This error message occurs after removing the the path host_genome in the process QC and index_ch in the workflow.

This error message occurs after removing the --reference-db host_genome in kneaddata.
Seemed the pipeline was running correctly, it did not break since the beginning.

Command executed:
kneaddata -i1 ERR1713346_1.fastq.gz -i2 ERR1713346_2.fastq.gz --threads 8 --output . --bypass-trim
  
mkdir -p kneaddata_logs
mv ERR1713346_1_kneaddata.log kneaddata_logs/

Command error:
ERROR: Unable to write file: /mnt/batch/tasks/workitems/job-101f51bdea810a457fef-QC/job-1/nf-02b3c0b0a2d436eb29a216b10ec57dd0/wd/reformatted_identifierskxgtnfmc_decompressed_7533av6e_ERR1713346_1

Testing the pipeline

Considering these parameters:

host_genome  : az://metanfnewsample/orange_genome/host_genome/GCF_022201045.2_DVS_A1.0_genomic.fna
reads        : az://metanfnewsample/data/*_{1,2}.fq.gz
genomedir    : az://metanfnewsample/orange_genome/host_genome
metaphlan_db : az://metanfnewsample/databases/metaphlan_db
outdir       : az://metanfnewsample/results

The pipeline breaks in the kneddata process.

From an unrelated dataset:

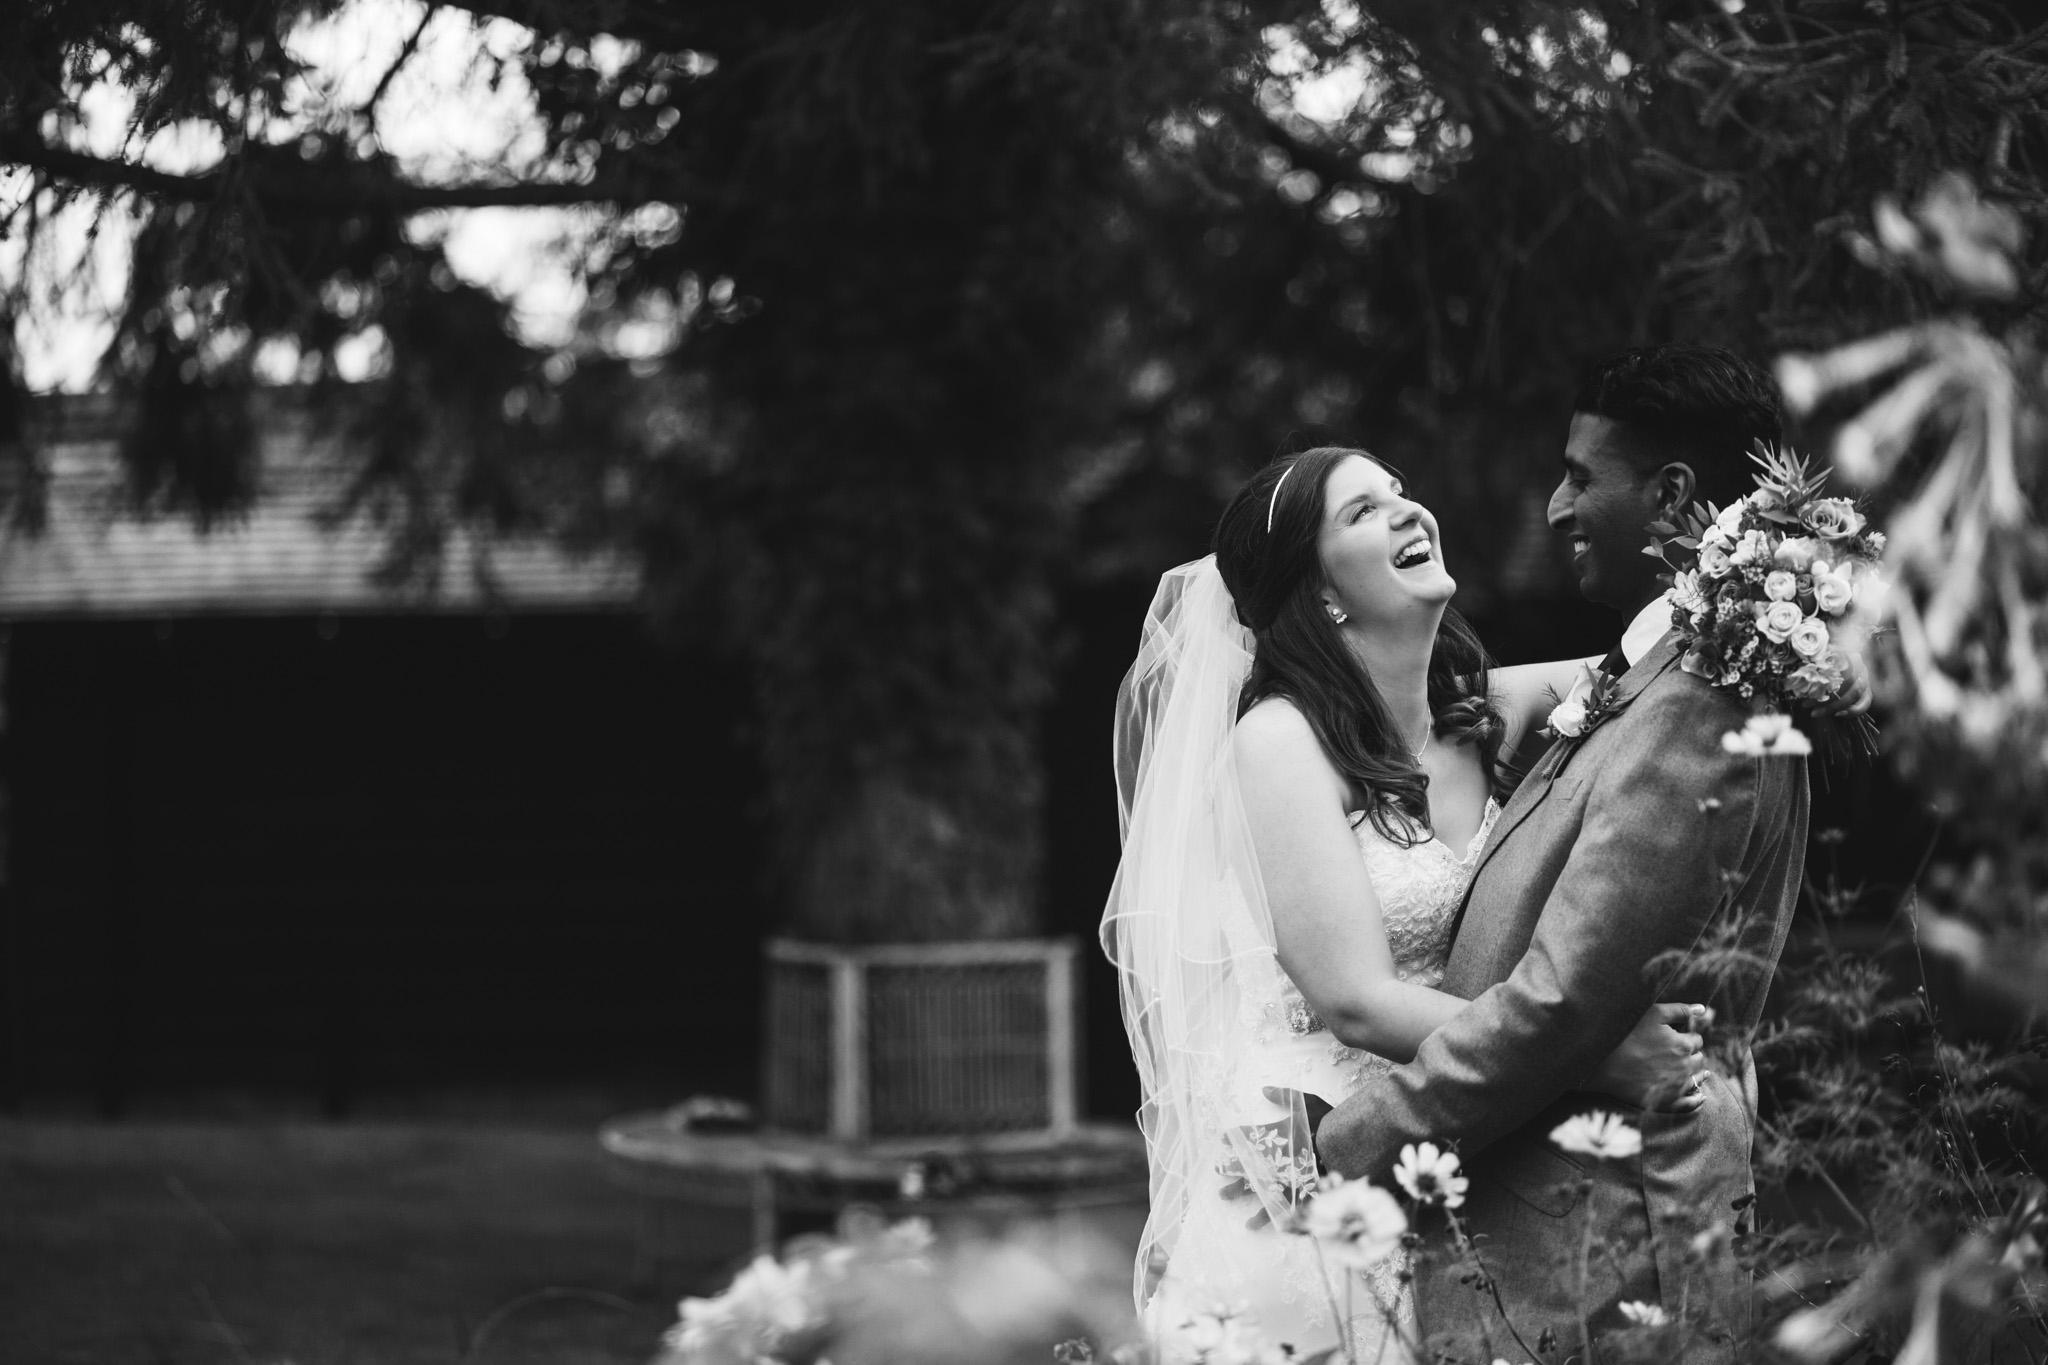 cat-lane-weddings__sheene-mill-wedding-photography__clw__1602__38A7947.jpg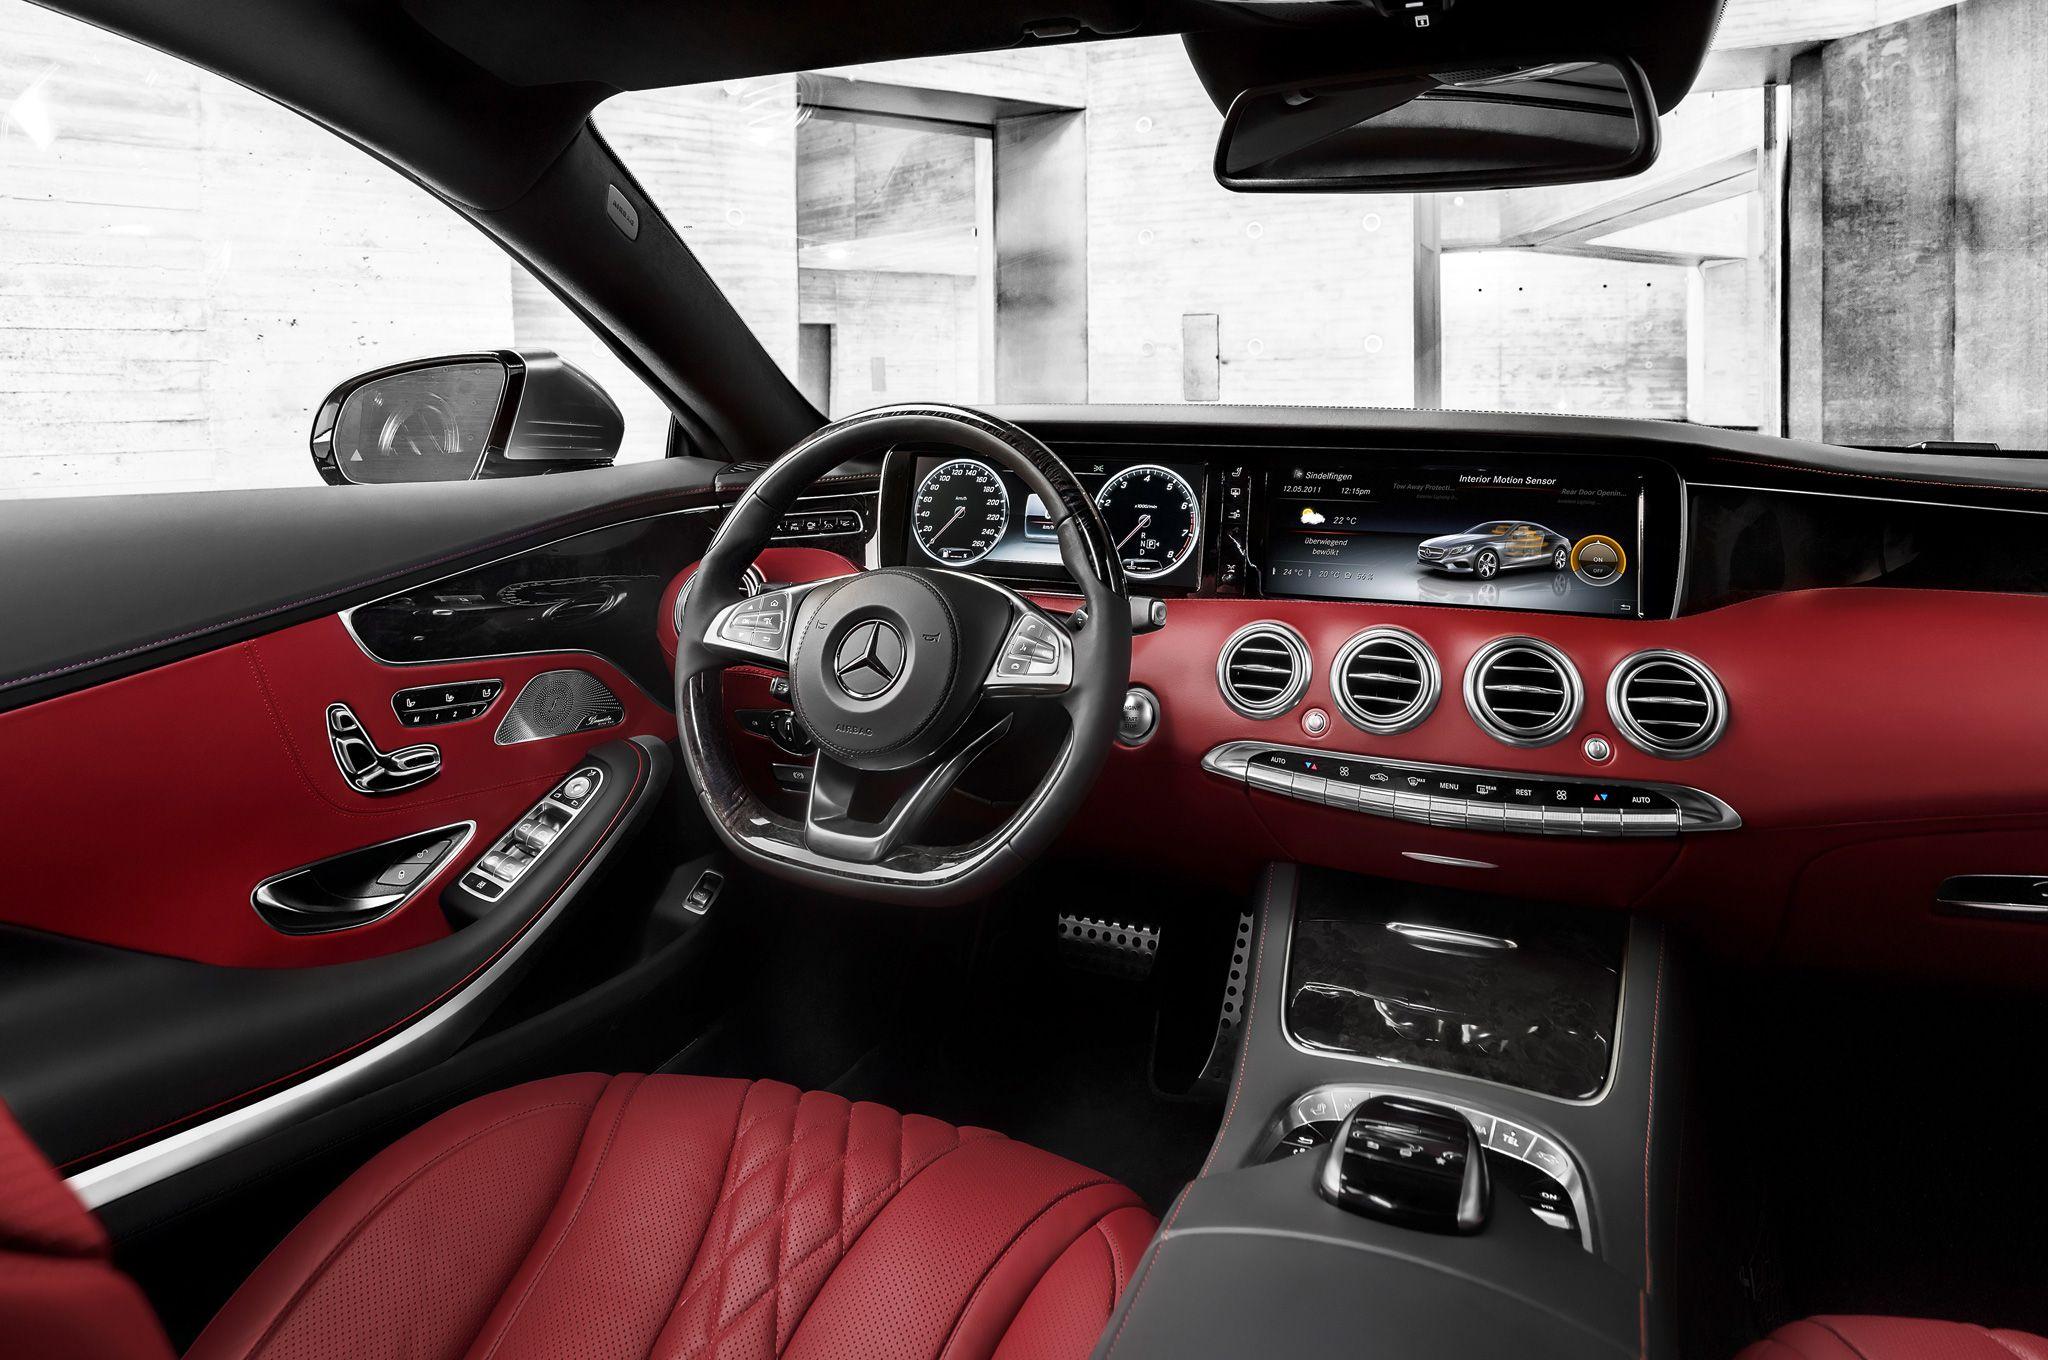 2015 Mercedes Benz S Class Coupe First Look Mercedes S Class

Uploading local `bin` scripts folder to az://results/tmp/a8/bc9f8851d939e7c80287c7b03f381f/bin
[O1, [/metanfnewsample/data/O1_1.fq.gz, /metanfnewsample/data/O1_2.fq.gz]]
[bc/7762c0] Submitted process > QC (Kneaddata on O1)
[e0/d873b2] Submitted process > FASTQC (FASTQC on O1)
ERROR ~ Error executing process > 'QC (Kneaddata on O1)'

kneaddata -i1 O1_1.fq.gz -i2 O1_2.fq.gz     --threads 8 	--output . 	--bypass-trim
  
  mkdir -p kneaddata_logs
  mv O1_1_kneaddata.log kneaddata_logs/

Recommend Projects

  • React photo React

    A declarative, efficient, and flexible JavaScript library for building user interfaces.

  • Vue.js photo Vue.js

    ๐Ÿ–– Vue.js is a progressive, incrementally-adoptable JavaScript framework for building UI on the web.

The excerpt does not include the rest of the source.